Tabip olduğunuzu düşünün bir. Kapı açılacak ve içeriye bir hasta girecek. Siz bir profosyonelsiniz, hasta ise amatör. Derdini anlatmasını bekleyeceksiniz.
Onun ne kadar dili dönerse o kadar anlatacak... Sizin tipinizi beğenmemiş olabilir; yani siz daha ilk görüşte gıcık olabilir ve kendi içine kapanabilir. Ya da zaten sessiz bir tiptir, pek konuşmayan. Veya, konuşkan, fakat alakasız konulardan bahsetmeği seven bir tip.
Her hal ü kârda, bir şekilde derdini anlamanız, bir teşhiste bulunmanız gerekiyor. Bu amaçla kullanacağınız imkanlar da hep çok kısıtlıdır. Hasta size kendi hastalık mazisini anlatmaktan açizdir çoğu zaman.
Elinde neredeyse hiçbirzaman eski reçeteler ya da tahlil sonuçları olmaz.

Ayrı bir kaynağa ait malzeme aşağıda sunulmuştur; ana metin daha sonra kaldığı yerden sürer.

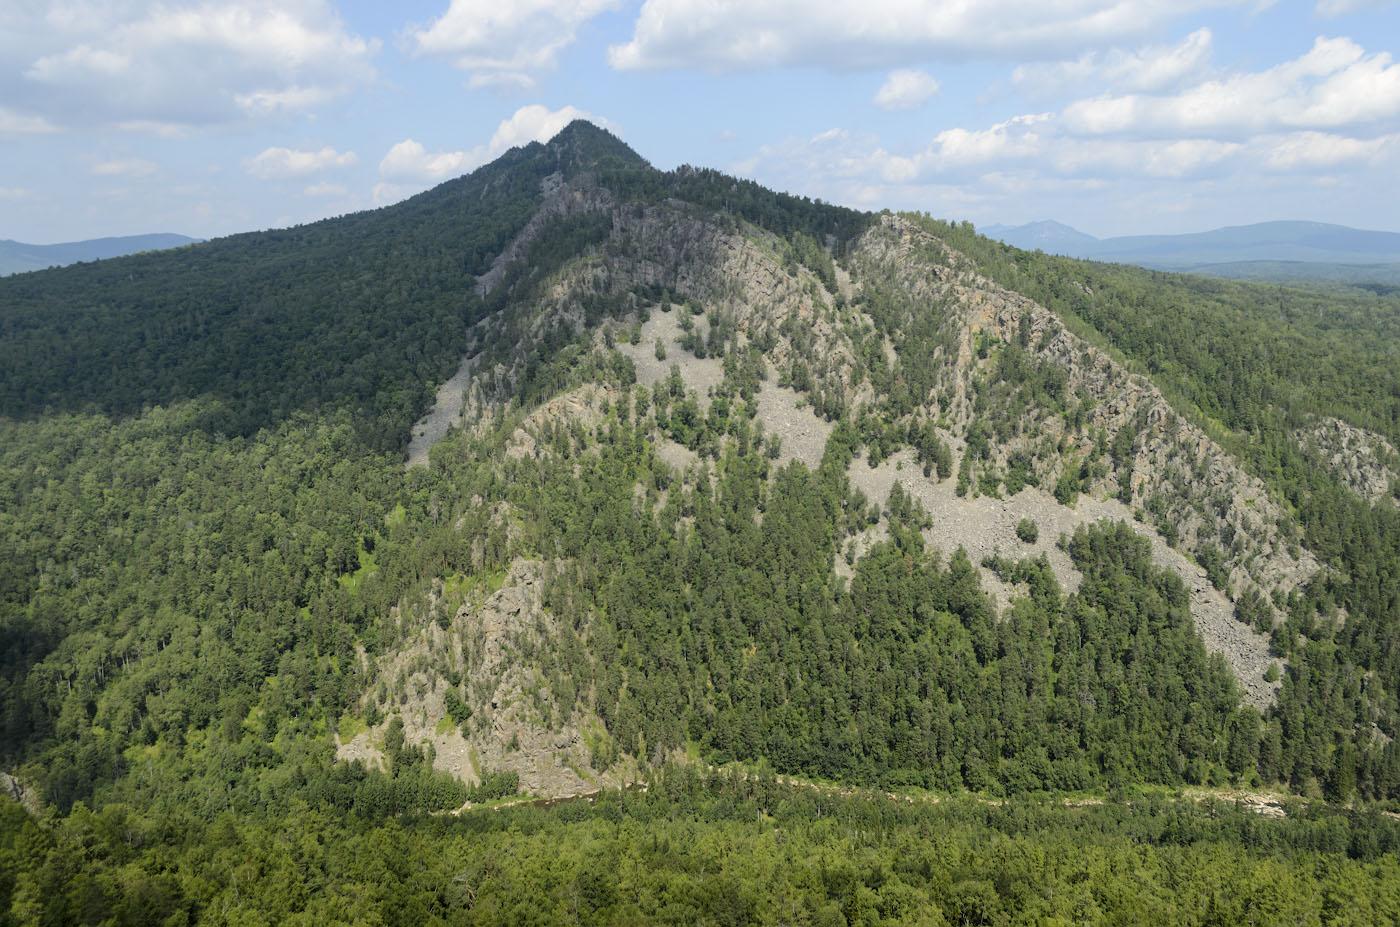 Фото 9. Тот же пейзаж, но без полярика. Гора Малый Ямантау в Башкирии. Настройки, использованные при съемке: 1/320, f/6.3, 100, 18.

Hastalığının ne olduğunu da ya hiç bilmez ya da yokmuş gibi farzeder, dolayısıyla, ailede benzer hastalıkların olup olmadığını da size sıralamak aklına bile gelmez.
Hastadan tahliller istemek gerekir, ama bunlar da avuç dolusu para tutar. İsteseniz bir dert, istemeseniz başka bir dert. İstediğiniz anda siz ticari bir yönlendirme yapmış olursunuz. Ölçüyü kaçırmak ve açgözlü (yani laboratuarlarla işbirliği yapıyor olmak) zannı yaratırsınız. İstemezseniz de yanlış teşhis koymak ihtimaliniz artar.
Tahililler filan da zaten hemen olmaz. En kısa süreni birkaç saat, çoğu zaman da birkaç gün demektir bu. Bir de, tabii, hangi tahlilleri isteyeceğiniz sorusu var...
İş başa düser. Soru-cevap ile bir yere kadar gitmeğe çalışırsınız. Ardında da, dededen kalma, el ve gözle muayene gelir. Steteskopu çıkarır, hastanın vücudunda gezindirirsiniz. Beklenmedik bir hırıltı, gürültü var mı dıye...
Ardından da, problemi lokalize etmek için, hastanın karnında, şurasında burasında değişik yerlere elinizle bastırıp hastanın yüzünün aldığı yeni şekle bakarsınız. Yani, ağıran yeri bulmağa çalışırsınız. Çoğunlukla işe yarar --eğer hasta size gelmeden önce, kendi kafasına göre takılıp, dünya kadar ağrı kesici almamış ise... Yok, eğer ağrı kesicilerle kendisini uyuşturup gelmiş (ve bunu da size söylememişse), işiniz Allaha kalmış demektir...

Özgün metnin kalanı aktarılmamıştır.